Accordingly, various embodiments include a QR scanning system to provide a method of data transaction between the mobile device and the device which contains the EMR. In one example, once the medical note has been generated, the user can open a secure website through their internet browser which displays a QR code. When the QR code is scanned by the mobile device, the previously generated medical note is sent securely to the server hosting the website, inserting its contents into a SQL table corresponding to the QR code's key. Once the website sees that the SQL table corresponding to its key has been updated, it displays the newly received data on the web browser. There is a convenient button to copy and paste the generated medical note into the EMR, which in various examples can be a quick and easy process.

Further embodiments can include systems that can rival a full integration into the EMR. For example, some embodiments can include a desktop app and web app that are continuously in real-time connection with the mobile device app. This can be achieved via many suitable protocols such as, but not limited to, WebSockets, MQTT, XMPP, Socket.IO, or Firebase Realtime Database. We also considered using secure email, FTP transfer, and other protocols. However, in some examples, a QR code-based approach can be desirable because it can extremely lightweight and portable, requiring absolutely no integration need on the client's end.

The described embodiments are susceptible to various modifications and alternative forms, and specific examples thereof have been shown by way of example in the drawings and are herein described in detail.
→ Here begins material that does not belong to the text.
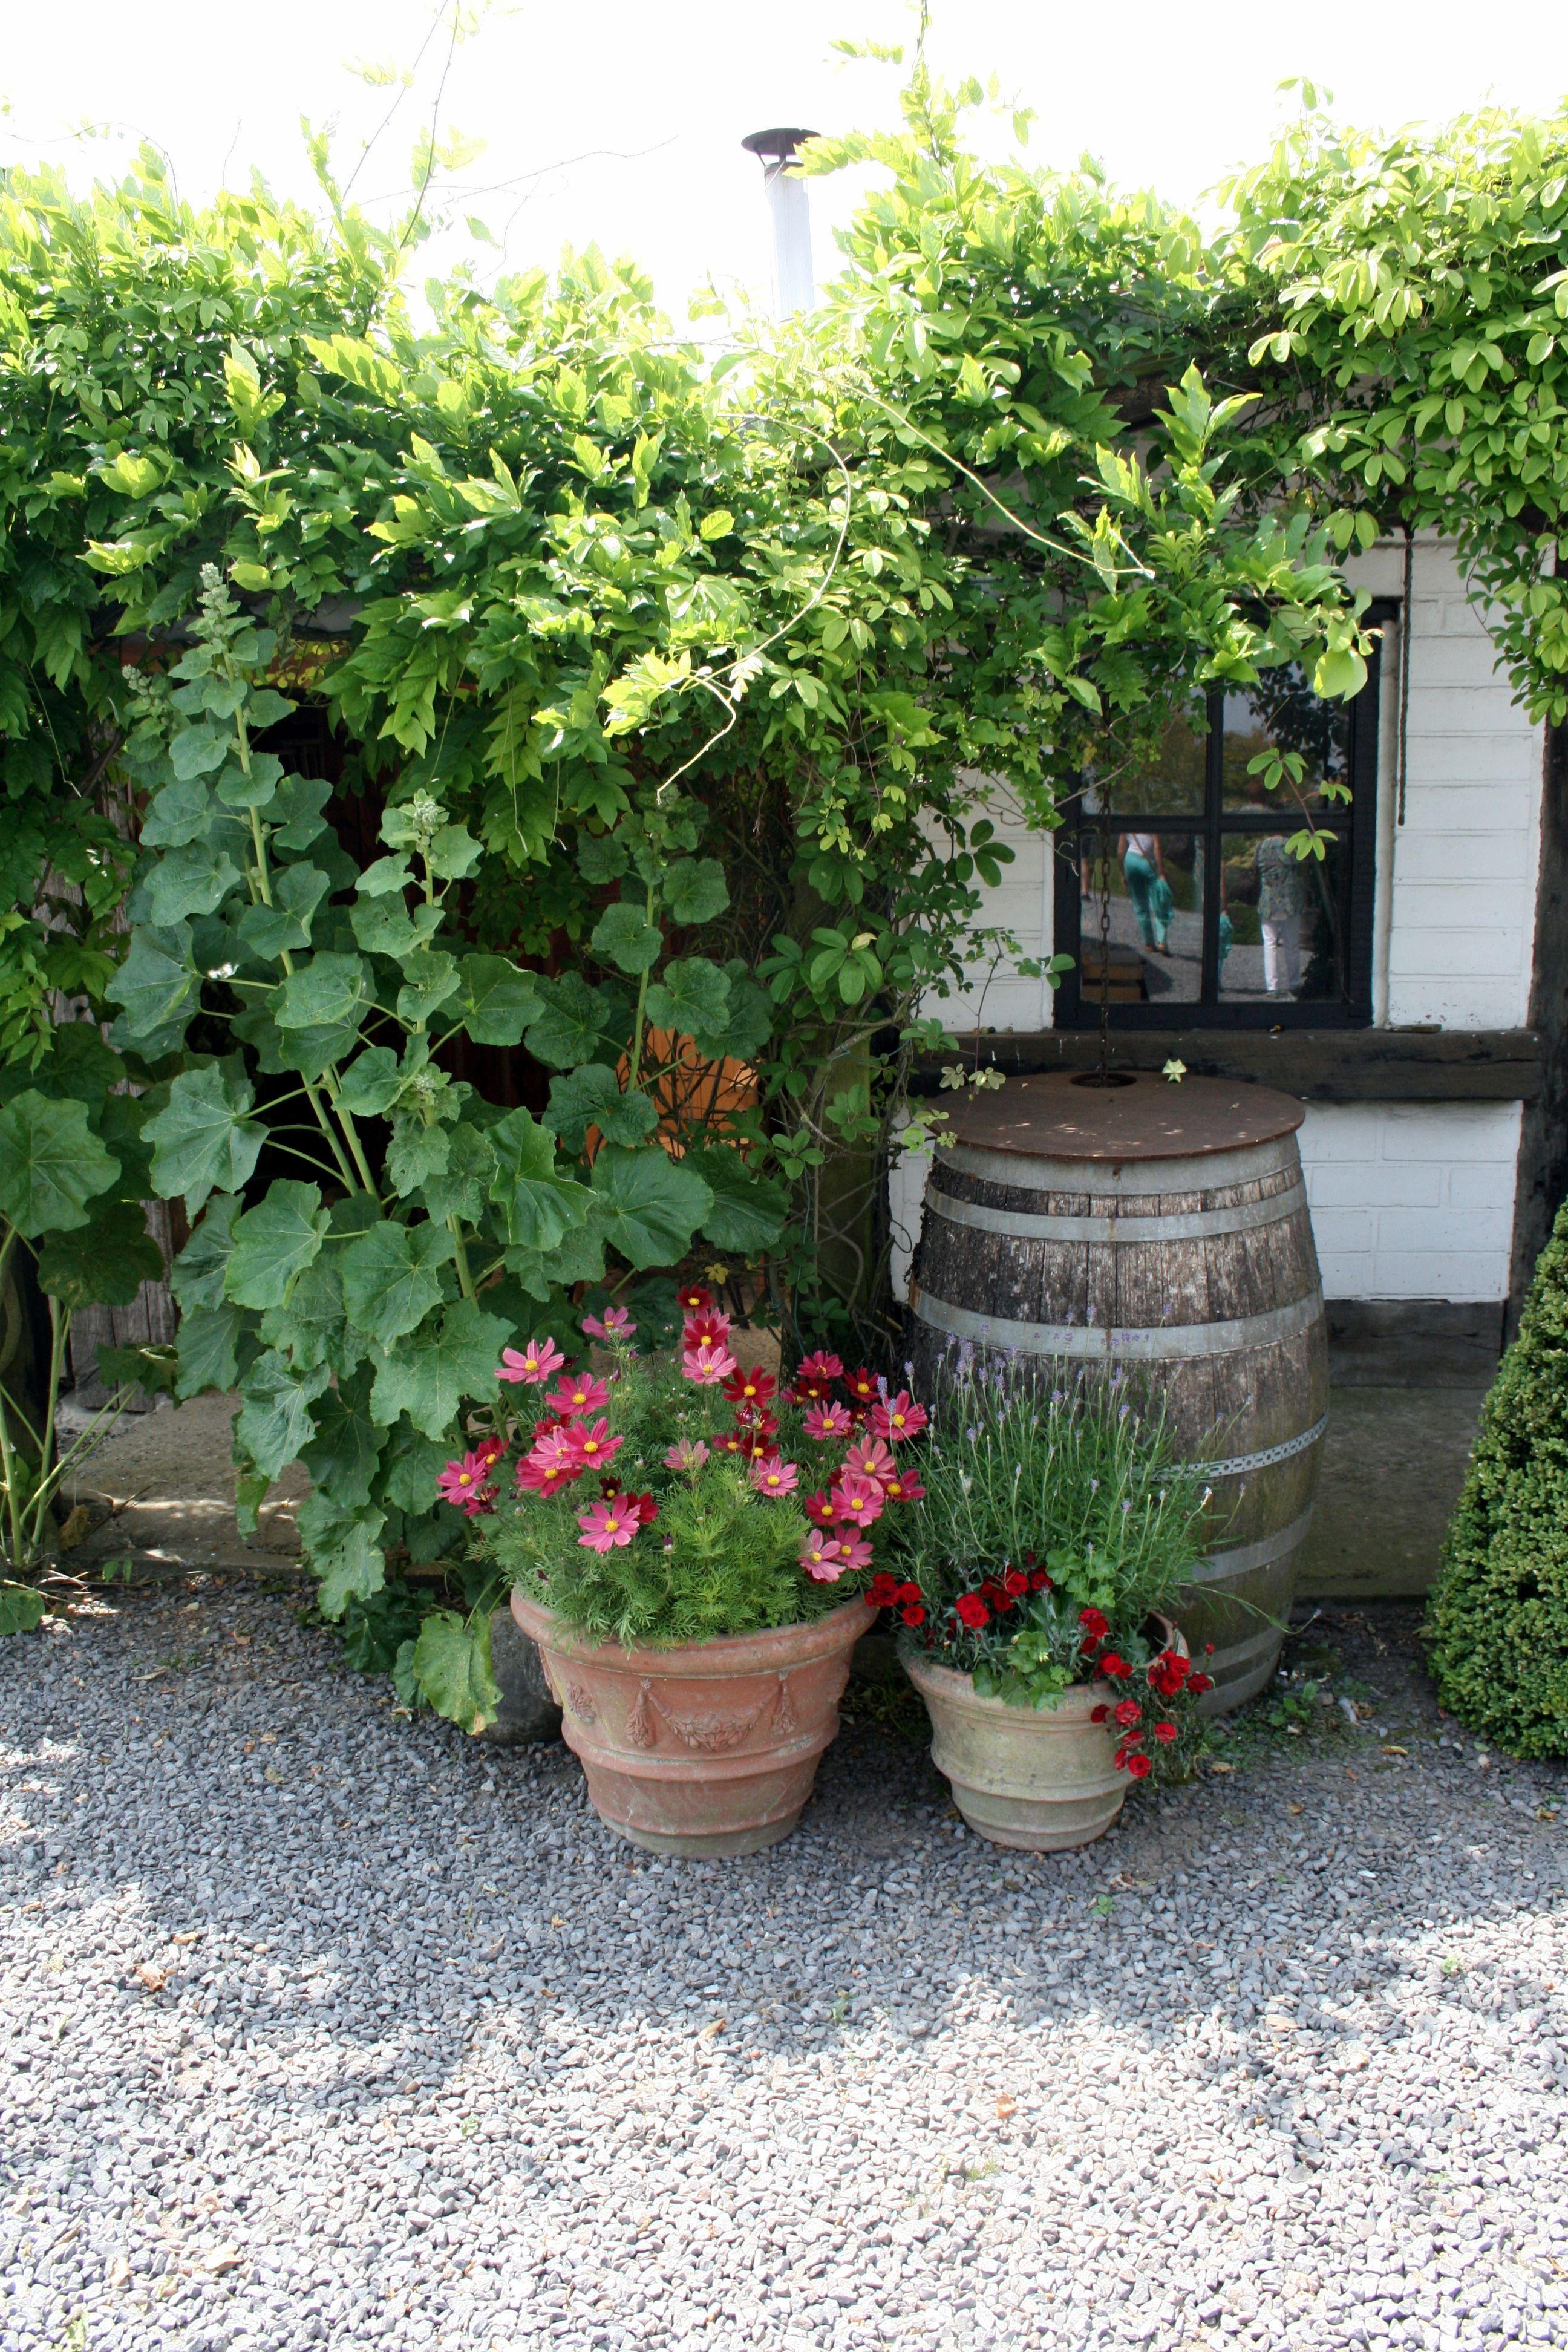 kleines topfgarten mit stil tolle images der bcdcddcccc

It should be understood, however, that the described embodiments are not to be limited to the particular forms or methods disclosed, but to the contrary, the present disclosure is to cover all modifications, equivalents, and alternatives. Additionally, elements of a given embodiment should not be construed to be applicable to only that example embodiment and therefore elements of one example embodiment can be applicable to other embodiments. Additionally, in some embodiments, elements that are specifically shown in some embodiments can be explicitly absent from further embodiments. Accordingly, the recitation of an element being present in one example should be construed to support some embodiments where such an element is explicitly absent.

Claims

What is claimed is:

1. An automated medical note writing system comprising a mobile device with a local, on-device, real-time speech recognition model capable of accurately transcribing medical conversations without the need for cloud-based processing when used in conjunction with a LLM, thereby significantly reducing the system's overall cost.